A word about printer bed surfaces. Both of these printers came with just an aluminum surface, which is NOT totally flat. They recommended putting hair spray, glue stick, or painter's tape on the bed to make the part stick. I, HOWEVER, am of the belief that I shouldn't have to put ANYTHING on the bed to make parts stick. So, I've tried PEI sheets, which work well for PLA and too well for PETG. I've tried ultrabase glass beds with a ceramic coating. I've tried Build Tak clone stickers. No offence to any one else who uses these successfully. But, for my next mod, I'm going with a flexible removable magnetic surface on top of thick glass with Textured PEI on one side and smooth PET on the other side (similar to carbon fiber).

At around this point the extruder heater cable broke on my Anet A8. And, I found out about delta printers. And, I bought the Anycubic Kossel hoping it would be more plug and play. It also came with outdated firmware, which I replaced. I then had to recalibrate and had difficulties with that. At one point the print head jammed into the bed and gouged it. I have occasionally got it to work well enough to run test prints. At some point in this time frame, I started printing with PETG which can be used at higher temperatures than PLA. (I mentioned toxicity earlier. ABS emits toxic fumes, FYI.) I started getting parts off the printer which I could easily crush in my hand. PETG parts should be very strong.

This lead to a whole other area of knowledge gathering on ... HUMIDITY. Lo and behold and who would have guessed, but PETG likes to suck up water from the air like a sponge. In some very bad examples, you can see steam coming off the extruder.
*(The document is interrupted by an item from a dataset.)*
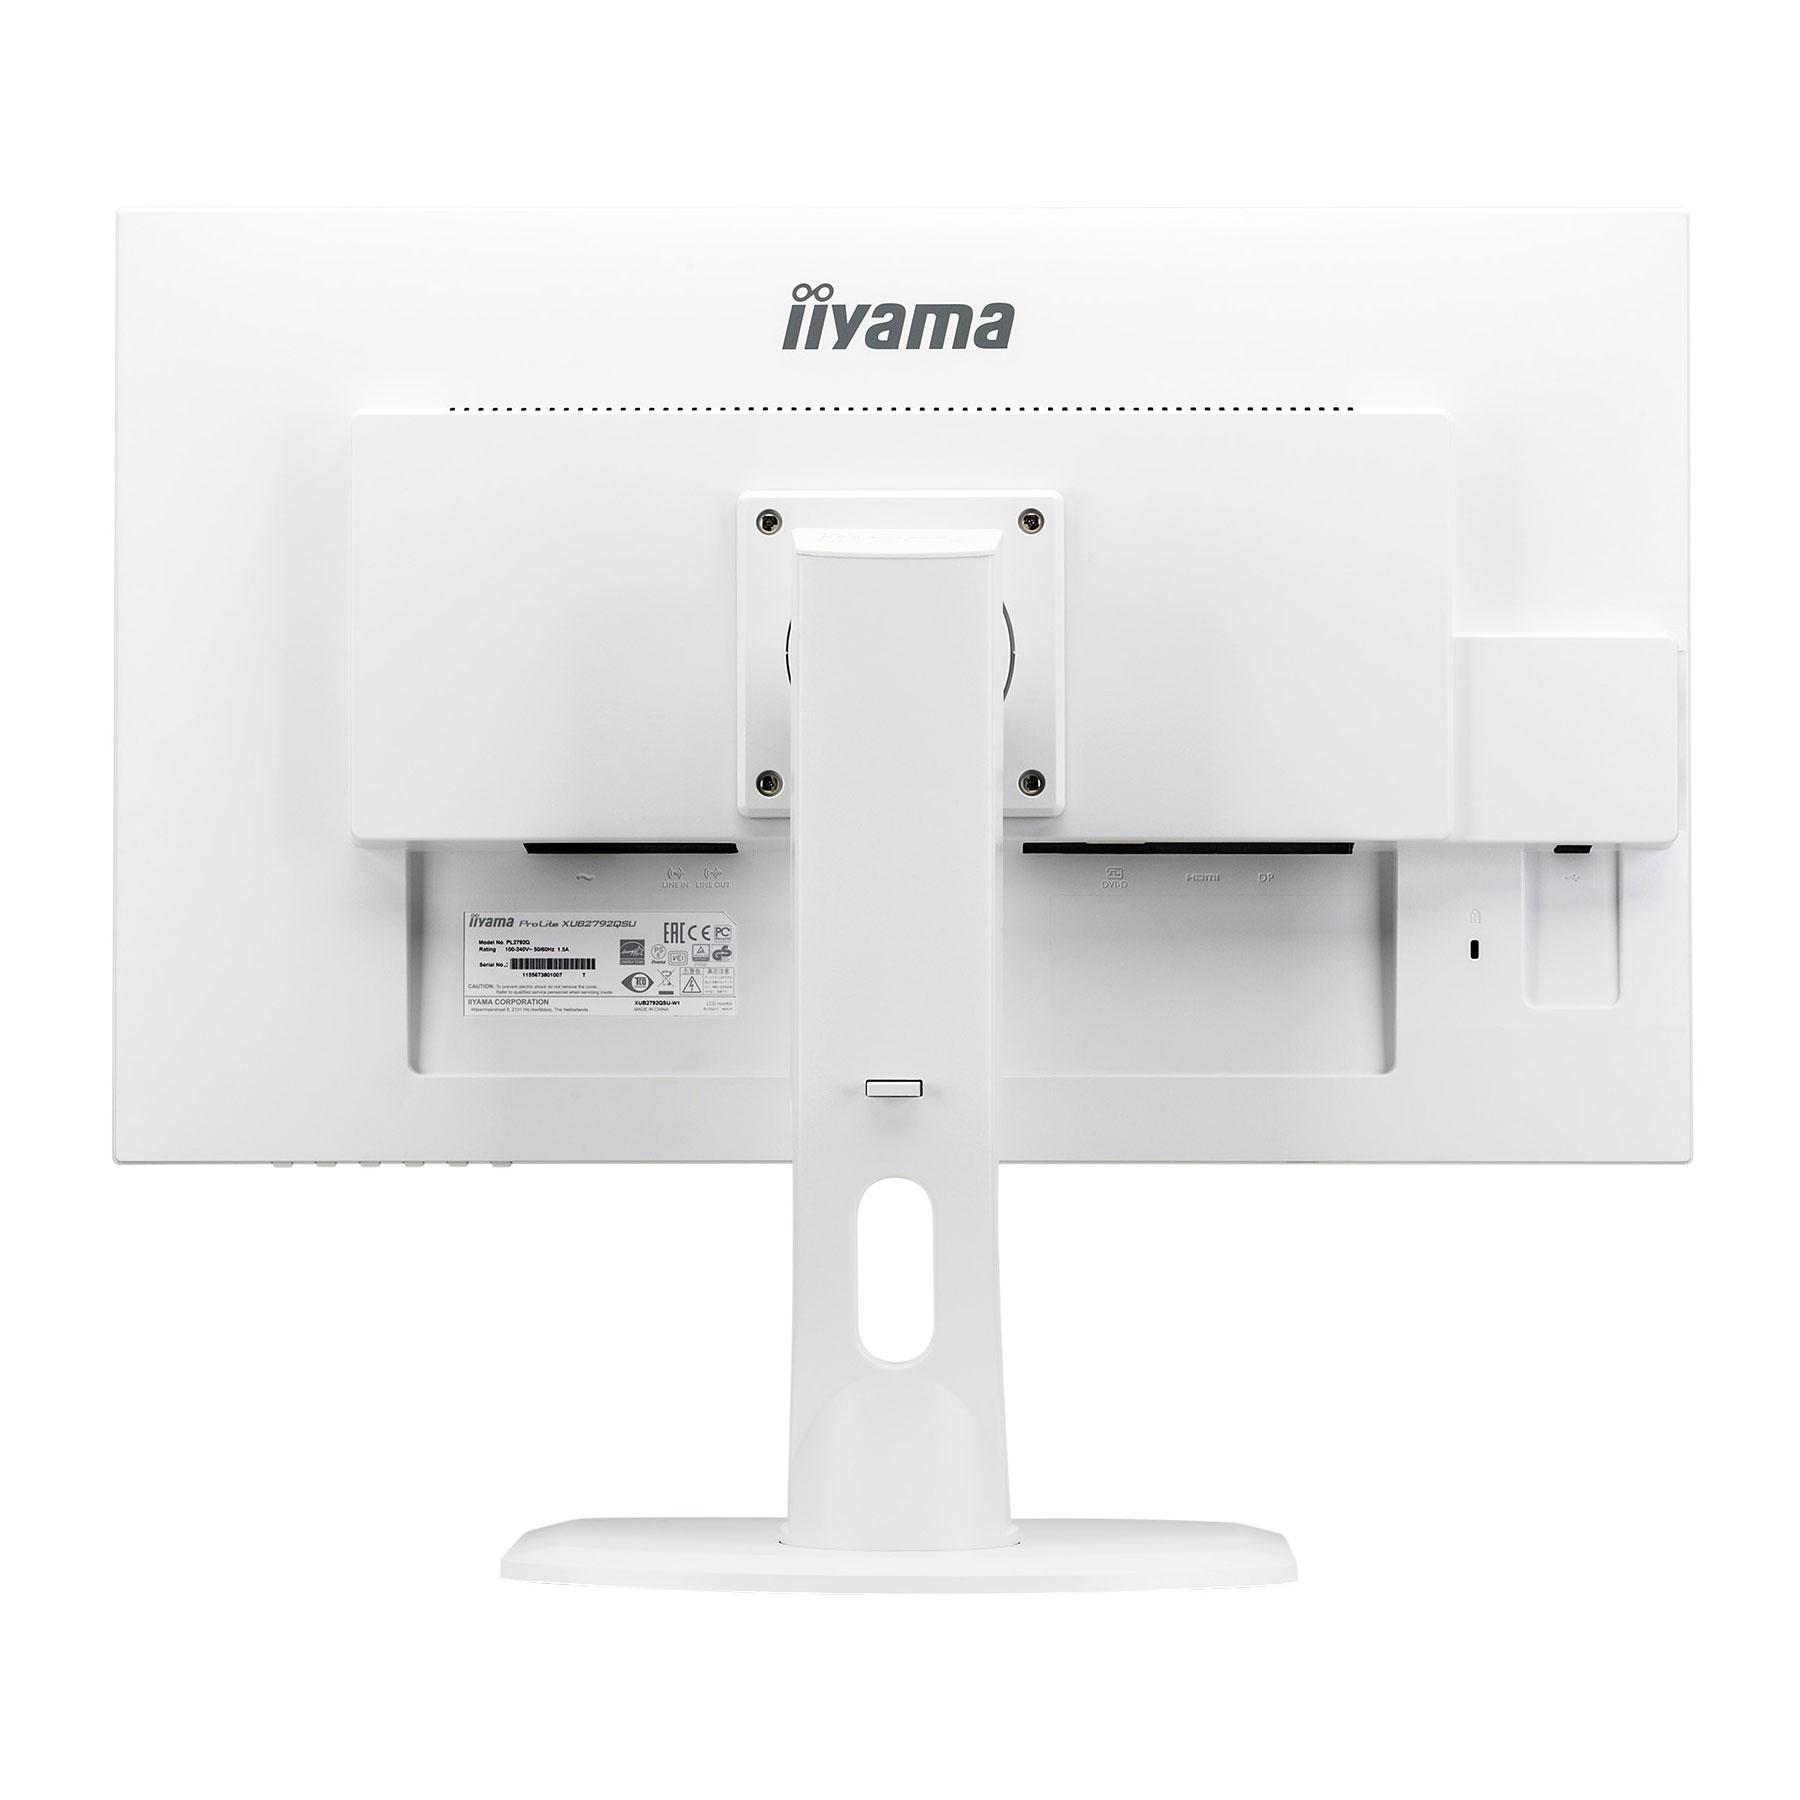 """Iiyama 27""""  XUB2792QSU-W1 - Ecran PC Iiyama - Cybertek.fr - 4"""

Guess what, when your filament is humid, assuming it doesn't break in the printer, your printed parts lose their structural integrity. AAARGH!! Then I got a food dehydrator and sabotaged it for filament. Then I got an individual filament dehydrator which I've had little chance to use.

So, here I am today. The Anet A8 needs new extruder heater, new firmware, new calibration, and a new build surface. The Anycubic Kossel needs new firmware, new calibration (hence the thread on sensors), and a new build surface. Either or both printers, if I'm using both, need an enclosure and a ventilation system with a big vent hose going to the nearest window, only usable on fair weather days. I still need to get the procedures and operation of the filament humidity control system working.

There are no doubt many ways to do things better. But, that's where I am 6 years later. If I were to start over, here's what I would look for. There are many ways to build printers. These are just my opinions.

I don't like bed slingers that move the bed extensively. No offense to anyone who does. My suggestions account for this.

General design: open source, modable, upgradable.

Motion system: delta - bed doesn't move, or
core-xy - bed moves only in Z or not at all depending on design

Note a delta printer with a circular bed of X diameter will print smaller SQUARE parts than a cartesian printer of X length and width. Look up how big a square can you put into a circle.

Heated bed, up to 100 C.

Bed surface: 4mm glass substrate or equally thick aluminum. Magnetic surface with removable flexible textured PEI over spring steel. Can have textured PEI on the other side, or something else. Multiple different spring steel surfaces can be used.

Bed leveling: manual control to a reasonable level if bed moves, then AUTOMATIC bed leveling with preferably a permanently attached sensor or at least an attachable sensor.

Extruder hot end: all metal. Ruby or diamond or hardened steel nozzle optional if using abrasive filaments. Should be easily replaceable. Up to 260 C. Some hot ends have a PTFE (Teflon) core which emits toxic fumes at 250 C.

Extruder cooling fans: Quality units with ball bearings if possible. Hydrostatic fluid bearings (not sure of trade name) may be better. Sleeve bearings are not. Should be easily replaceable.

Part cooling duct: should blow air on part from as close to 360 degrees as possible. May be able to print your own upgrades.

Quality MOSFET's and heat sinks for controlling heaters. Can be added separately.

Stepper motor drivers (chips): newer style (don't remember the numbers) with quiet and smooth operation.

Controller: 32 bit with adequate I/O for all heaters, fans, sensors, servos, displays, etc. Sensors may include bed leveling sensors (which may require a servo port), filament run out sensors, temperature sensors, etc.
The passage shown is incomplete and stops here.